The OpenAI System Design Interview may include questions like designing GitHub Actions to test how you approach workflow orchestration, developer productivity, and scalable CI/CD systems.

What does “design ChatGPT” mean in the OpenAI System Design Interview?

In the OpenAI System Design Interview, “design ChatGPT” challenges candidates to model a conversational AI platform with low latency, high throughput, and reliability across millions of users.

How do I approach designing a model serving platform for LLMs in the OpenAI System Design Interview?

This OpenAI System Design Interview question tests your ability to design efficient serving pipelines that manage GPU resources, model versions, and request scheduling.

What does it mean to design a vector store or embedding service at OpenAI scale?

In the OpenAI System Design Interview, this problem examines your knowledge of similarity search, indexing strategies, and scaling storage for embeddings.

How do I design multi-region LLM inference with failover in the OpenAI System Design Interview?

Candidates in the OpenAI System Design Interview are expected to discuss replication, traffic routing, and disaster recovery when handling multi-region inference.

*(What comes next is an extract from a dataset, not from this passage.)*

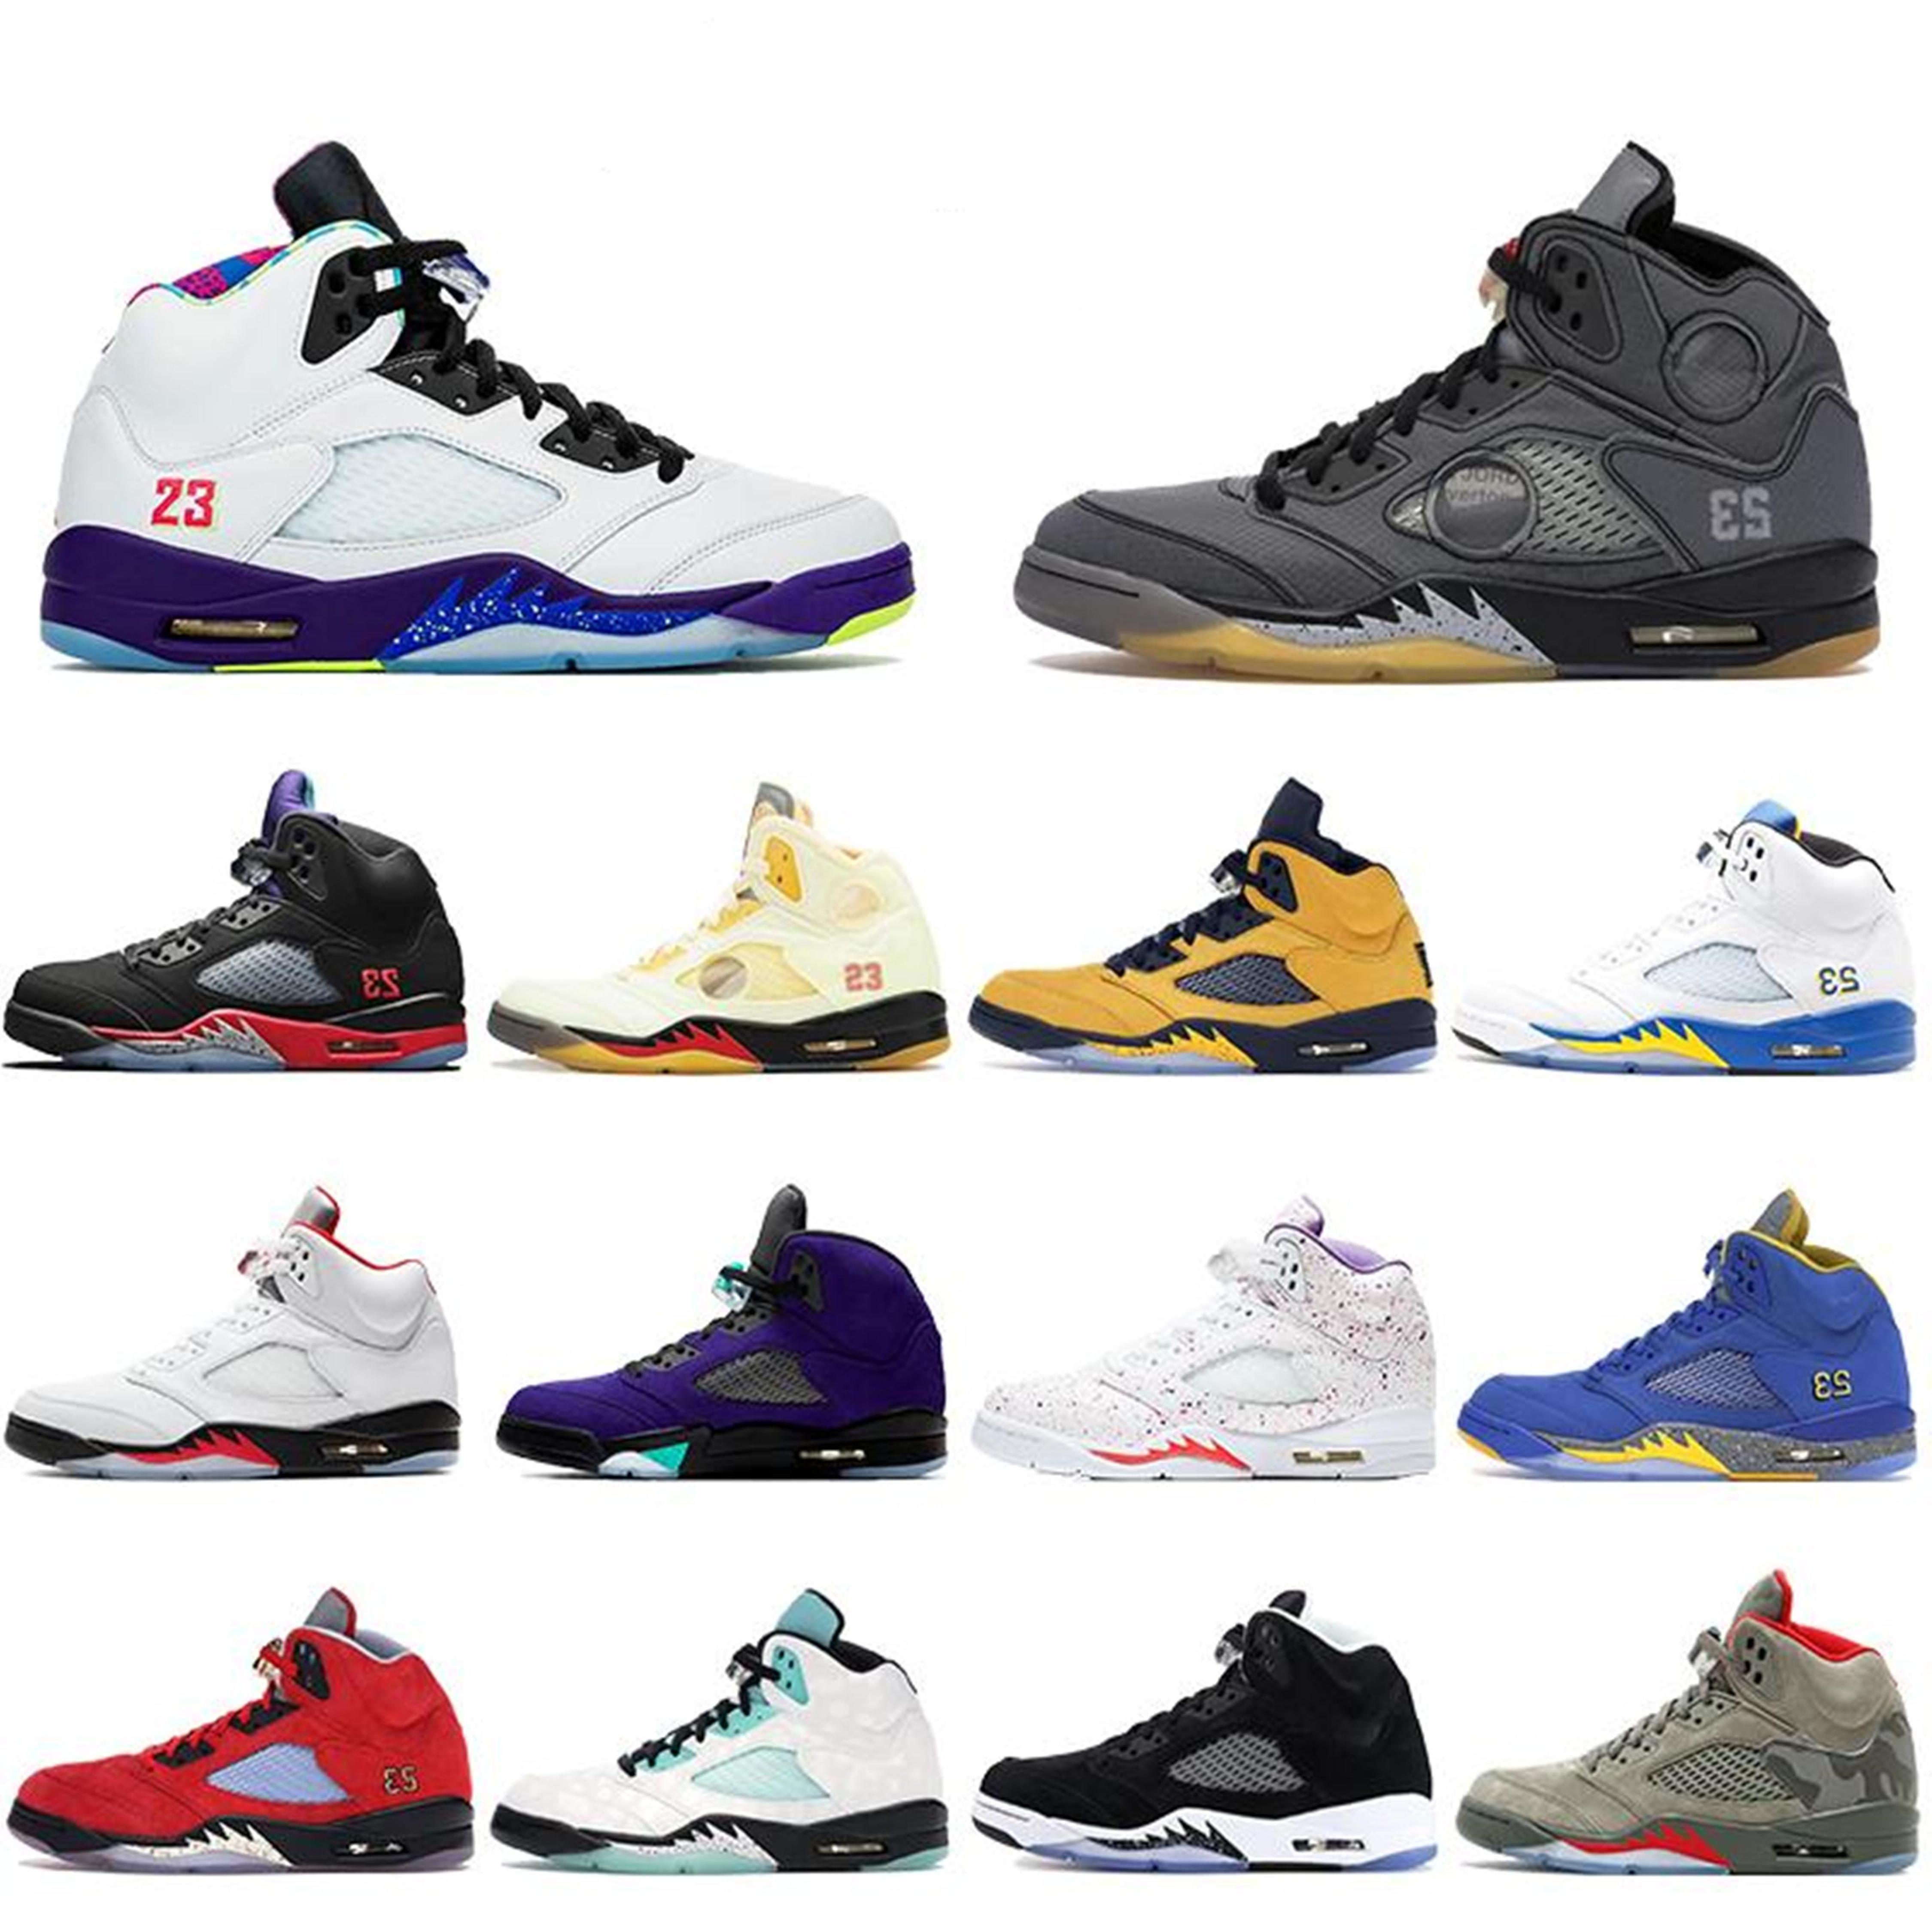 Nouvelle voile blanche Jumpman 5 5s Top 3 Feu Red Oregon Hommes Basketball Chaussures de basket-ball Michigan Huile Gris Sneakers Baskets Sports Mens Sports

How is GPU cluster autoscaling tested in the OpenAI System Design Interview?

An OpenAI System Design Interview may ask you to design autoscaling for GPU clusters, where you must balance cost efficiency with real-time workload spikes.

Why might I be asked to design queueing for long-running fine-tunes in the OpenAI System Design Interview?

The OpenAI System Design Interview includes fine-tuning scenarios to test how you handle distributed job scheduling, fairness, and fault tolerance.

How does caching for chat completions appear in the OpenAI System Design Interview?

Caching is a frequent OpenAI System Design Interview topic, requiring you to discuss TTL strategies, eviction policies, and reducing model inference costs.

What is abuse or fraud detection for API usage in the OpenAI System Design Interview?

In the OpenAI System Design Interview, fraud detection design questions test your ability to detect anomalies, rate limit suspicious users, and prevent misuse.

What does the backend engineer version of the OpenAI System Design Interview look like?

The OpenAI System Design Interview for backend engineers emphasizes database design, service orchestration, and API performance.

How does the research engineer version of the OpenAI System Design Interview differ?

For research engineers, the OpenAI System Design Interview focuses more on ML workflows, model deployment, and experimentation platforms.

How does the OpenAI System Design Interview compare to FAANG system design interviews?

The OpenAI System Design Interview is often considered more AI- and GPU-focused, while FAANG system design interviews cover broader distributed systems scenarios.

Why might OpenAI ask me to design custom AI chip telemetry/serving in the System Design Interview?

This OpenAI System Design Interview scenario evaluates how you handle hardware-software integration, monitoring, and optimizing inference on custom chips.

What distributed systems questions come up in the OpenAI System Design Interview?

Distributed systems concepts like CAP theorem, consensus, replication, and sharding are common in the OpenAI System Design Interview.

Why are there two design screens in the OpenAI System Design Interview loop?

The OpenAI System Design Interview often has two design screens to assess both high-level architecture and deeper implementation trade-offs.

What are some practical tips for the OpenAI System Design Interview?

Top tips for the OpenAI System Design Interview include practicing AI-specific scenarios, clarifying requirements, discussing trade-offs, and sketching system diagrams.

How is observability for LLM latency and tokens tested in the OpenAI System Design Interview?

The OpenAI System Design Interview may require designing observability systems to track request latency, token usage, and anomaly detection at scale.